Легкость – последняя любовь Ницше, высшая мера вещей. То, что дает легкость, здоровье, – хорошо: в пище, в духе, в воздухе, в солнце, в пейзаже, в музыке. Только то, что дает крылья, что позволяет забыть тупость и мрак жизни, уродливость правды, – дарует благодать. Отсюда эта последняя, поздняя любовь к искусству, которое одно «делает возможной жизнь», служит «великим stimulans жизни». Музыка, светлая, легкая, разрешающая музыка, становится отныне излюбленной усладой его смертельных возбуждений.

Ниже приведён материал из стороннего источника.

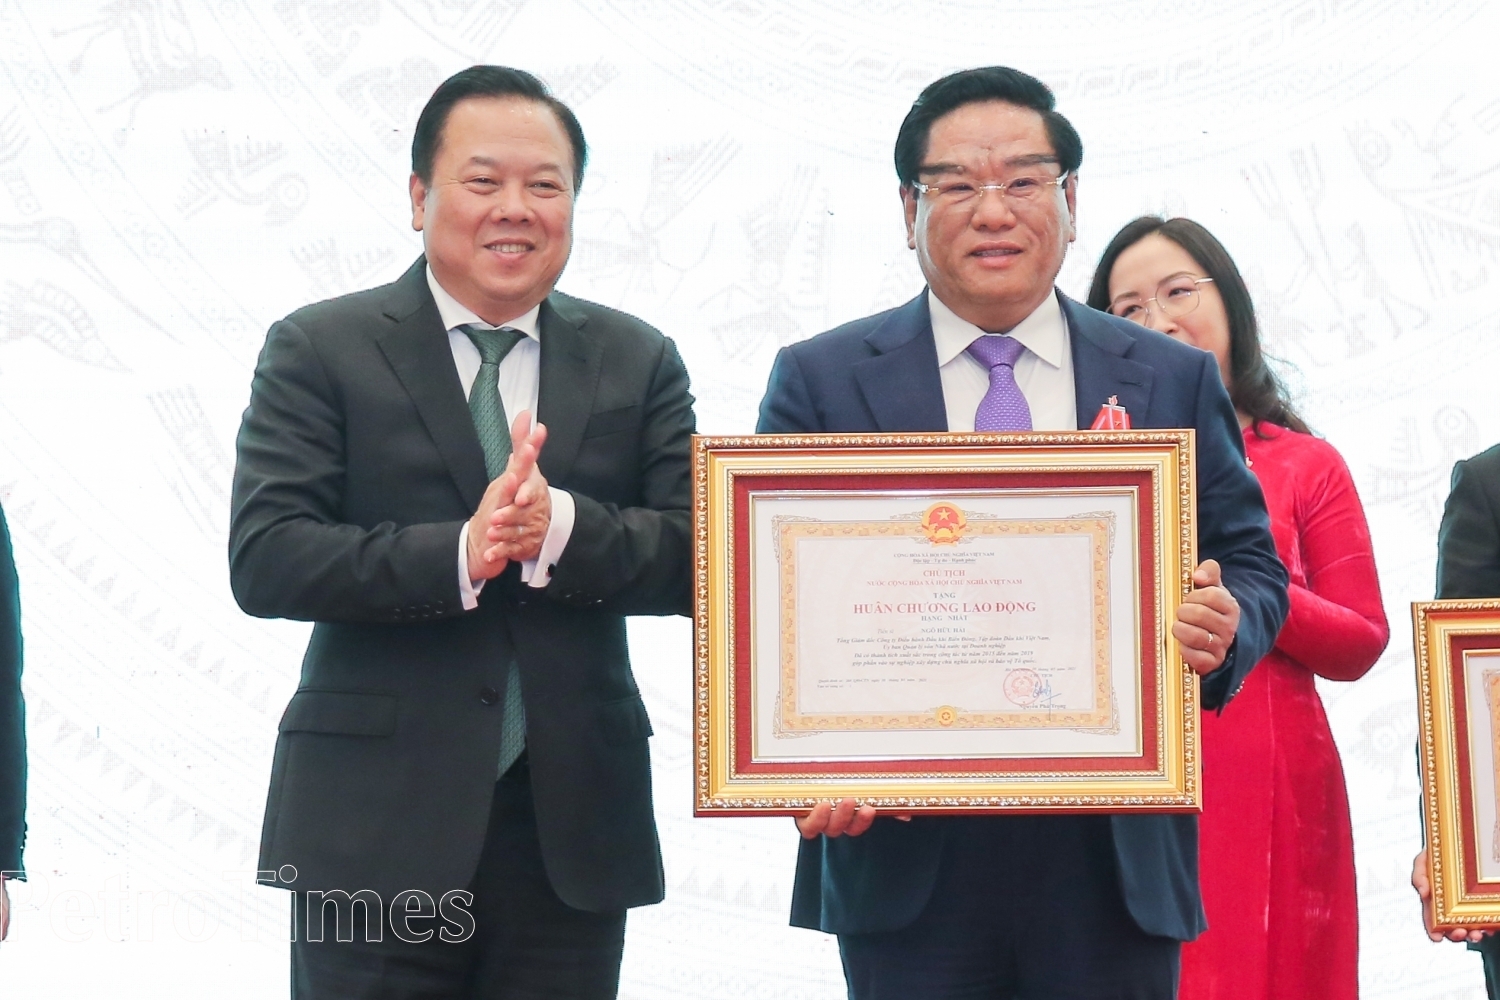 hừa ủy quyền của Chủ tịch Nước, ông Nguyễn Hoàng Anh, Chủ tịch Ủy ban đã trao tặng Huân chương Lao động hạng Nhất cho ông Ngô Hữu Hải, Tổng Giám đốc BIENDONG POC
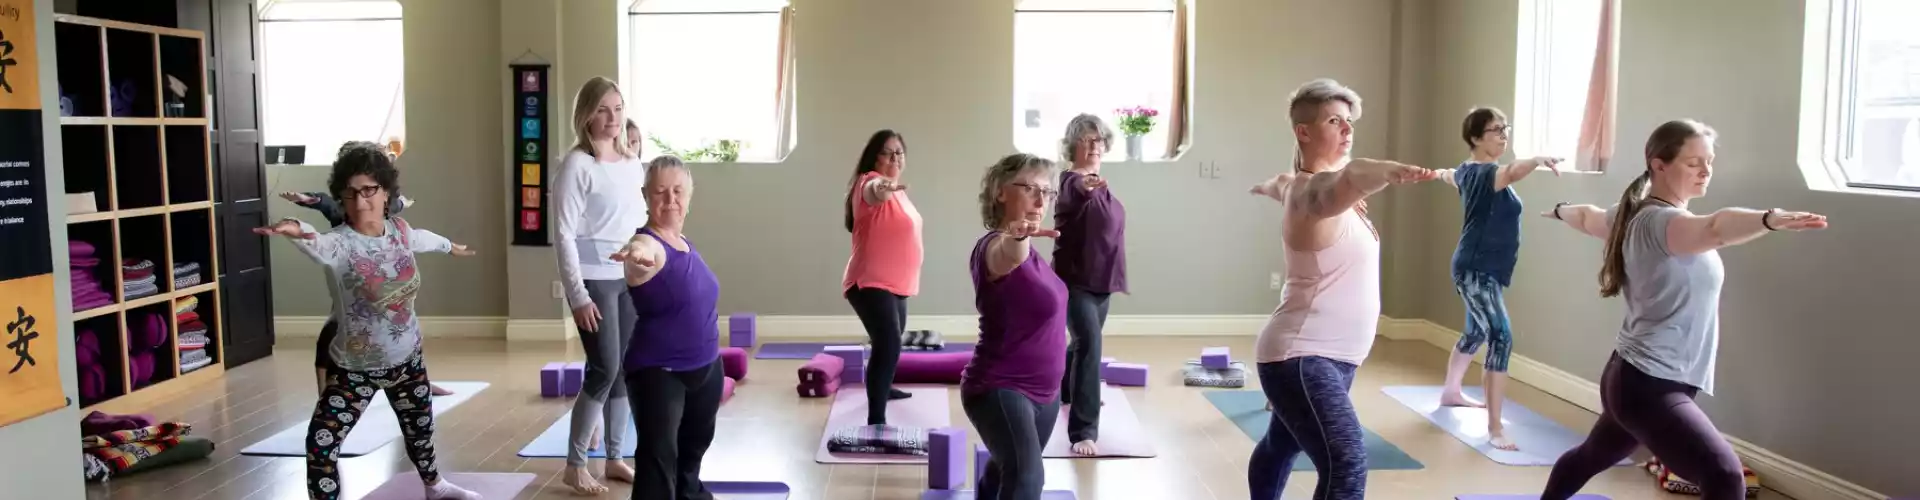 Las diez batidas: una secuencia de yoga de 15 minutos para todas las articulaciones

В своих кровавых перерождениях он уже не может обходиться без этого облегчения. «Жизнь без музыки – просто бремя, заблуждение». Больной в жару горящими, потрескавшимися губами мучительно жаждет воды, но несравненно мучительней жаждет Ницше в своих последних кризисах серебристого напитка музыки: «Может ли человек испытывать такую жажду музыки?» В музыке его последнее спасенье, спасение от самого себя; отсюда эта апокалиптическая ненависть к Вагнеру, который наркотическими и возбуждающими средствами возмутил ее кристальную чистоту; отсюда боль «от судьбы музыки, как от свежей раны». Всех богов оттолкнул он в своем одиночестве, лишь одного он не может лишиться: музыка для него нектар и амброзия, освобождающая душу и дарующая вечную юность. «Искусство и только искусство – искусство дано нам для того, чтобы мы не погибли от правды».

И музыка благосклонно внимает его потрясающим заклятиям, она подхватывает его падающее тело. Все покинули изнывающего в лихорадке; давно ушли друзья, мысли всегда далеки в безудержном, в непрестанном странствии; только она сопутствует ему вплоть до последнего, седьмого одиночества. К чему прикасается он, к тому прикасается и она; там, где он говорит, звучит и ее чистый голос; мощно поддерживает она влекомого мощной силой. И еще в миг падения она бодрствует над его погасшим духом; когда Овербек входит в комнату, где мечется его ослепленная душа, он застает его за роялем, судорожными руками он ищет высоких гармоний; и, когда помешанного везут на родину, он всю дорогу поет потрясающую мелодию – свою «Баркароллу». Вплоть до мрачных глубин безумия ему сопутствует музыка, своей демонической силой властно пронизывая и жизнь его, и смерть.